To which she sniffed, and replied: “Then give up, why don’t you? Just like a bloody Adam! Well, it’s like I always said — ”

That phrase alone, however, was enough to sweep him away, borne off on a dirty tide of similarly bad advice. The wisdom of a life spent facedown, with only your own blood left to spit at the world that’d kicked you; Oona Pargeter’s rule-book, each chapter beginning exactly like the last, with these same, cheerless words: My Ma always said —

— Get the fawney up front. Never dish out what you can’t take. Don’t never beg; rave and curse, go down fightin’, ’cause them that folds easy gets the boot. Now get out o’ here, you skin-waste, and sing for our bloody supper. My Ma always said: What are you, a ponce? A bloody molly-coddle? Go cry to ’eaven and see ’oo answers, you flamin’ soft-arse nancy. My Ma always said: Nothin’ comes for nothin’ in this world, boy. Sell for as much as they’ll pay, and charge more, if you can. And if they won’t fork over, then do the only fing makes you different from me . . . and kill ’em. . . .

I loved her a good long time, missy, he remembered snarling at Yancey Kloves, when she’d pressed him. And then I learned better.

But he knew now, oh, how he knew — that he never really had.

“’Cause all men are dogs, huh?” he asked Oona now, out loud, voice deceptively even.

She nodded. “And pigs, and rats — vermin of all descriptions.” Then paused, eyes softening slightly: “But then, you ain’t really a man at all, are you? No matter ’ow you look.”

He almost thought she might’ve meant it for a compliment, of a sort. But even so, it made him snap upright once more, too angry to even reply ’til he’d took a deep breath, blew it out.

“Yes, I damn well am,” he told her.

“All right, then. Do what a man does, supposedly — look, and see. Your Pa was a bastard, but ’e knew ’is works, by God. So fink on it, ’cause it’s you this Call’s meant for, not me; might be it’s you needs to take a gander, wivout all your jaw, and ponder it through in ways I can’t. Bloody fink, for once!”

Chess’s hand throbbed, a literal phantom pain. He squinted down at the raw-scraped smear it left behind on the wall — only to watch light bloom from his palm. Oona’s shadow leaped up, towering on the bricks behind her with a sizzling power-crackle. And framing it, visible now under Chess’s personal footlight, three rough lines sketched out a brick rectangle, some open door backlit by the sun beyond.

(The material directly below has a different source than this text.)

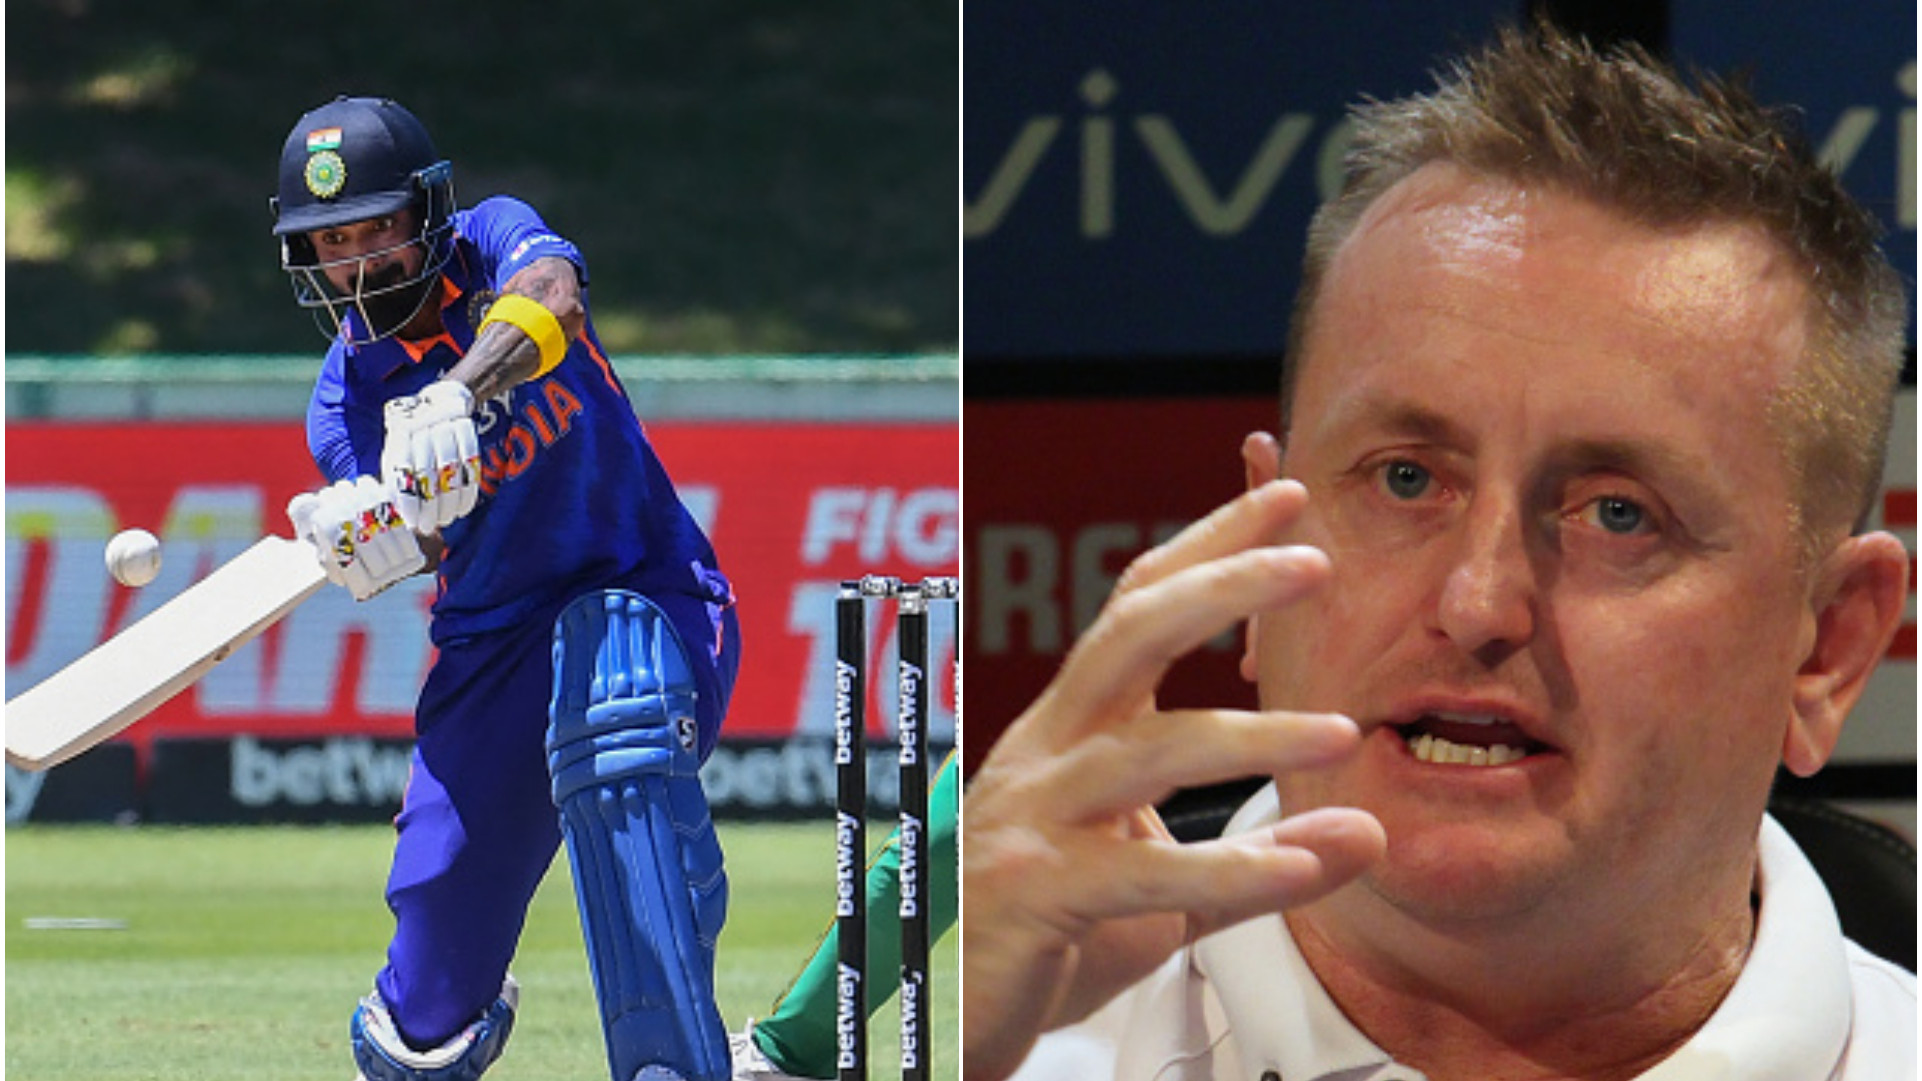 “KL Rahul has missed a lot of cricket, a lot of question marks now present themselves” opines Scott Styris

At shoulder level, the red ghost of Chess’s blood still shone, the only true colour in this entire pocket world.

With more gentleness than he’d intended, Chess pushed Oona out of the way, stepping into her place; his glory-hand’s light faded, plunging the alley back into darkness. But now that Chess had seen the cracks, he couldn’t unsee them. He drove fingers along their length, scrabbling for the hidden catch or trip-switch, tearing his own no-nails. The pain galvanized him to punch brick over and over again, hooking it from left to right and back to left once more, as if trying to bust nonexistent hinges. His knuckles shredded, dripping blood hot enough to steam, which the fissures drank up in turn. And again and again he struck, smearing that blood along every inch, to what damn end he couldn’t’ve begun to reckon, even if you’d asked him.

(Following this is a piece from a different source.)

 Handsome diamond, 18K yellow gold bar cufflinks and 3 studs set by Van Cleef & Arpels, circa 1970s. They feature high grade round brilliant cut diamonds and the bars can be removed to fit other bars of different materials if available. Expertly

Without warning, the wall’s blood-delineated portion simply disintegrated, collapsing with an outward-bellying whoof of dust and mica. Chess and Oona jerked back, shielding their eyes, and lowered their hands to see — nothing. A gap of absolute black, not even reflecting the chill gleam of Seven Dials’ rain. Yet Chess knew that darkness, down in his gut. Had glimpsed it before, inside the Enemy’s empty ribcage and the bottom of Her Goddamn Rainbow Ladyship’s grinning black eyes, as she stared down into his while riding him: the darkness of a crack in the world, the place where the light bled out.

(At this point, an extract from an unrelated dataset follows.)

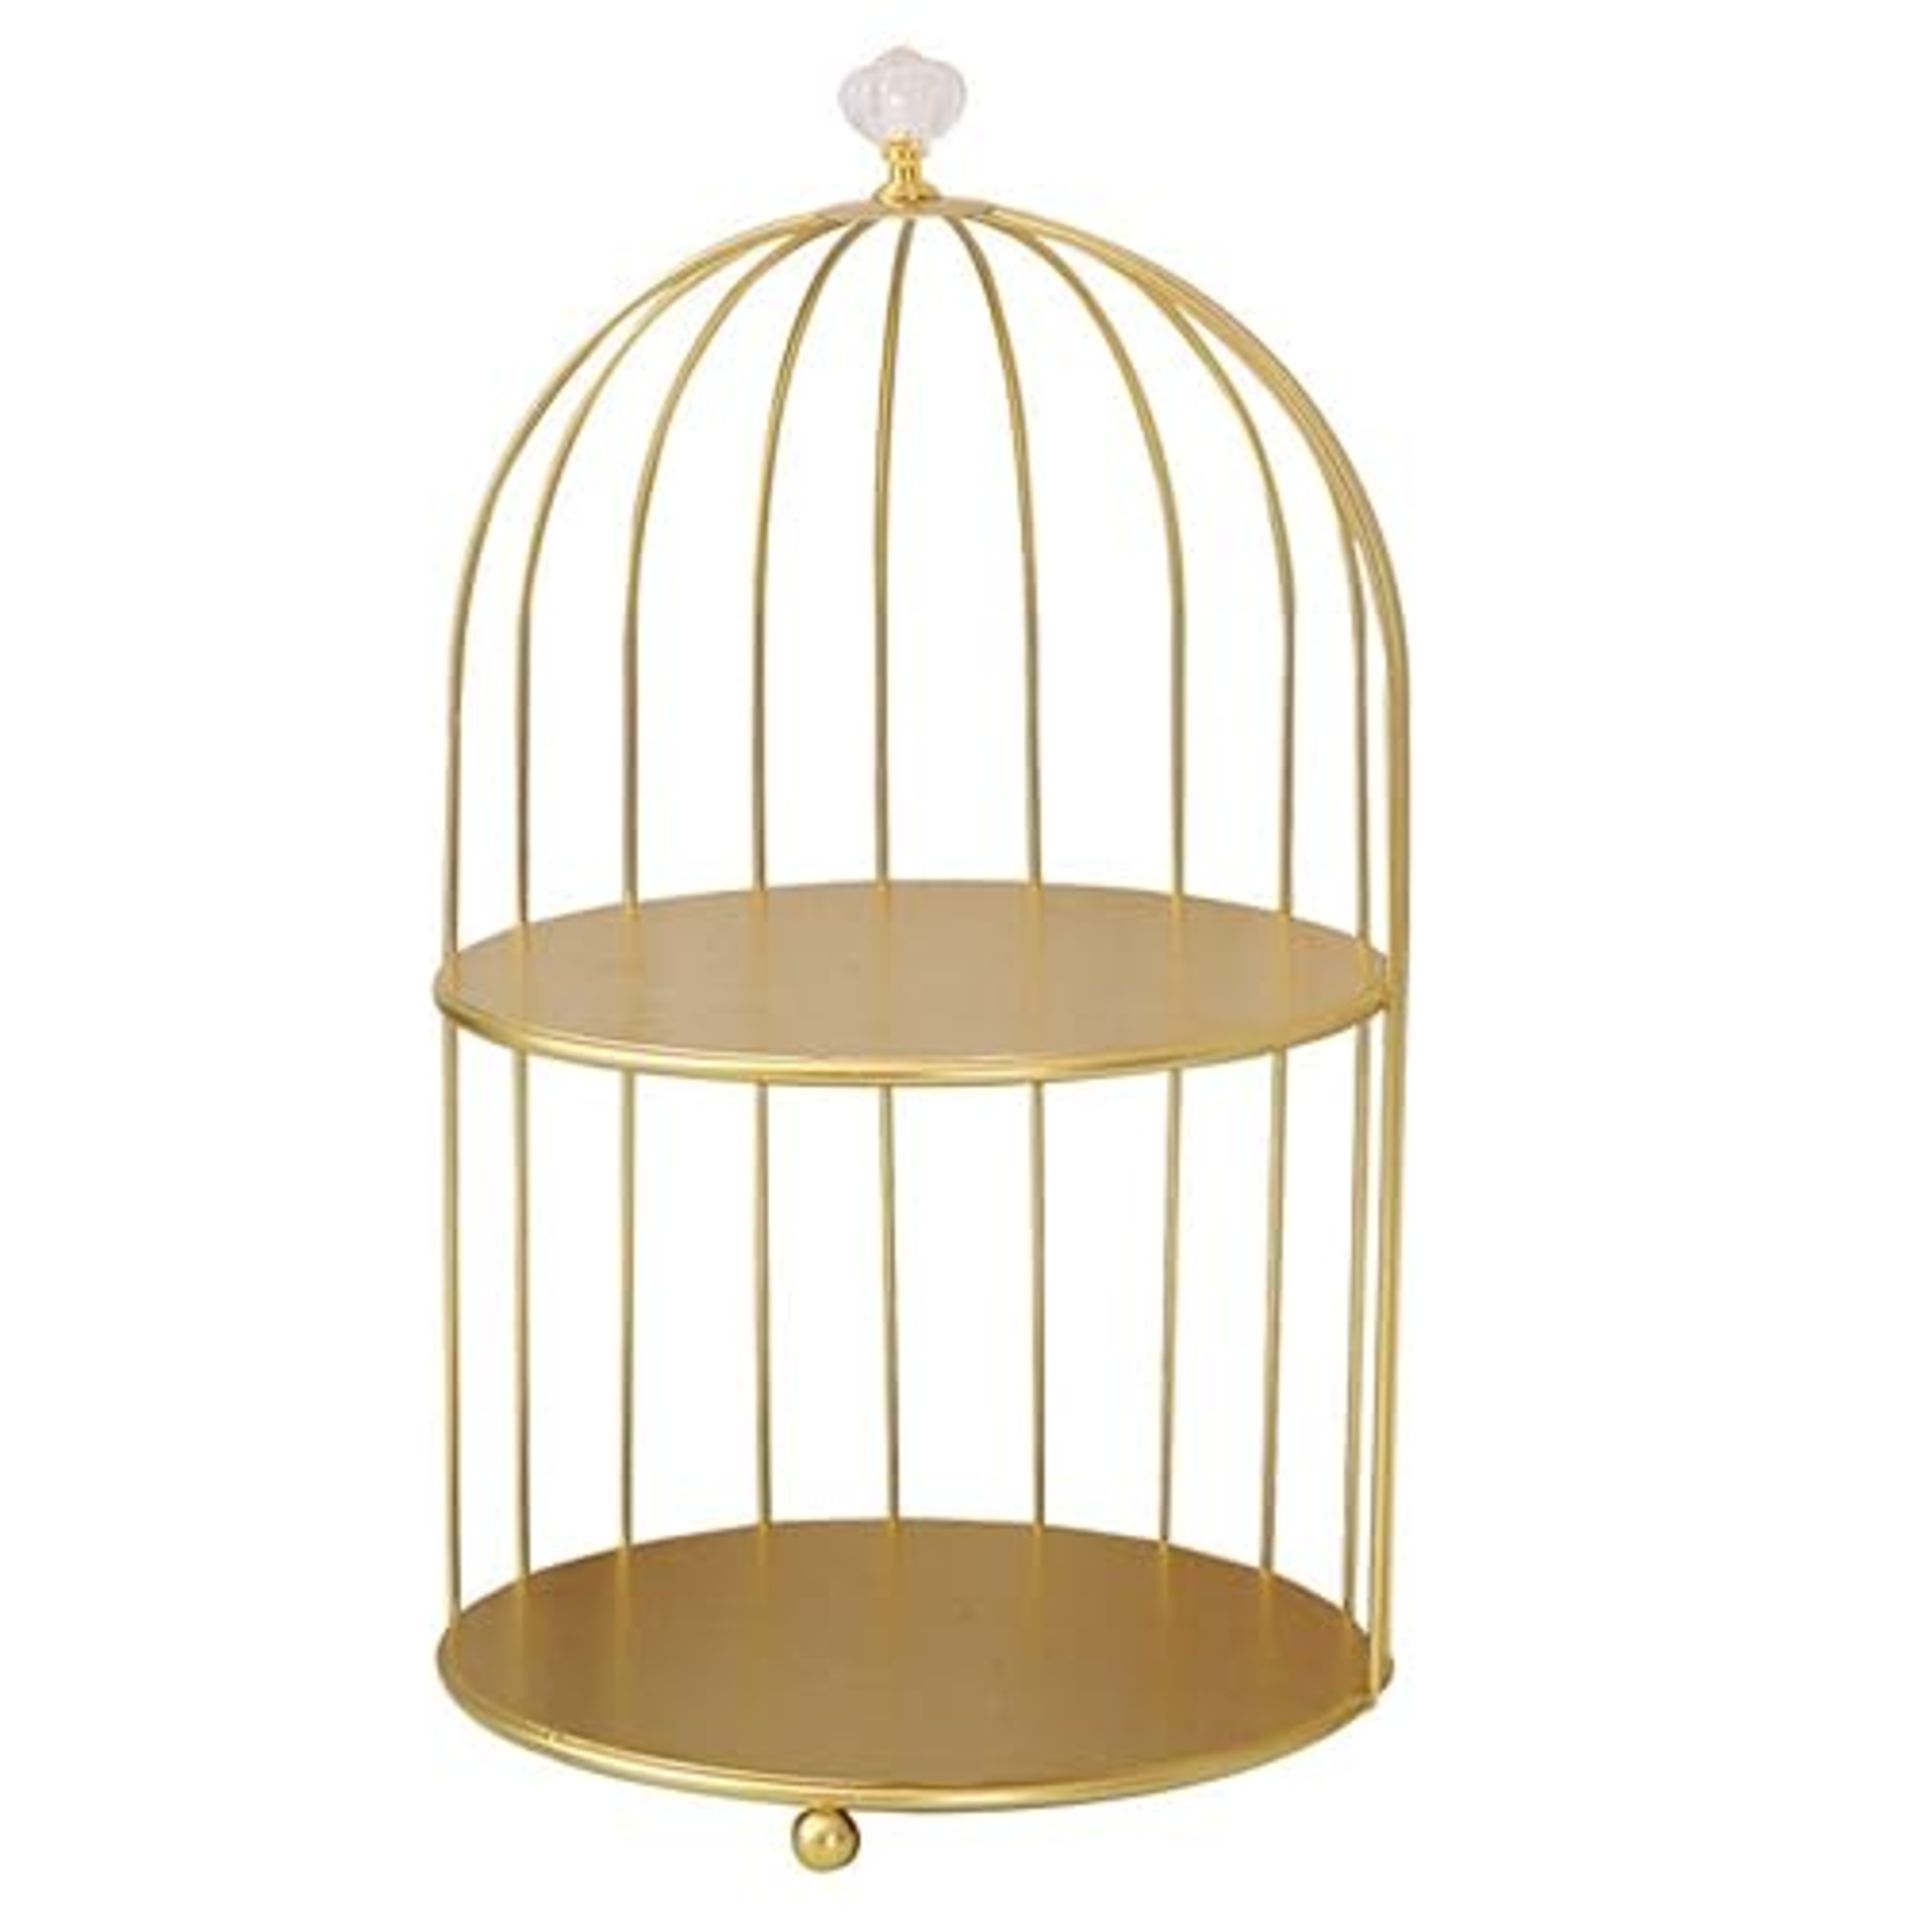 DOITOOL Metal Cupcake Stand 2- Tier Gold Cake Stands with Bird Cage Shaped for Party Dessert Fruits

Oona seized him by one hand, blood notwithstanding, and didn’t leave go. Chess’s throat felt like sand and glass when he finally spoke. “So . . . it’s in there, I guess, or stay here. Forever.”

Beside him, his mother’s too-young shape only nodded; didn’t need to turn to see it, not at all. Not with her shoulder’s muscle popping slightly and their no-pulses hammering in unison: her dead heart, his long-gone one.

> Chess closed his eyes, and groaned.

“Fuck it,” he said, finally. And leaped, pulling Oona with him.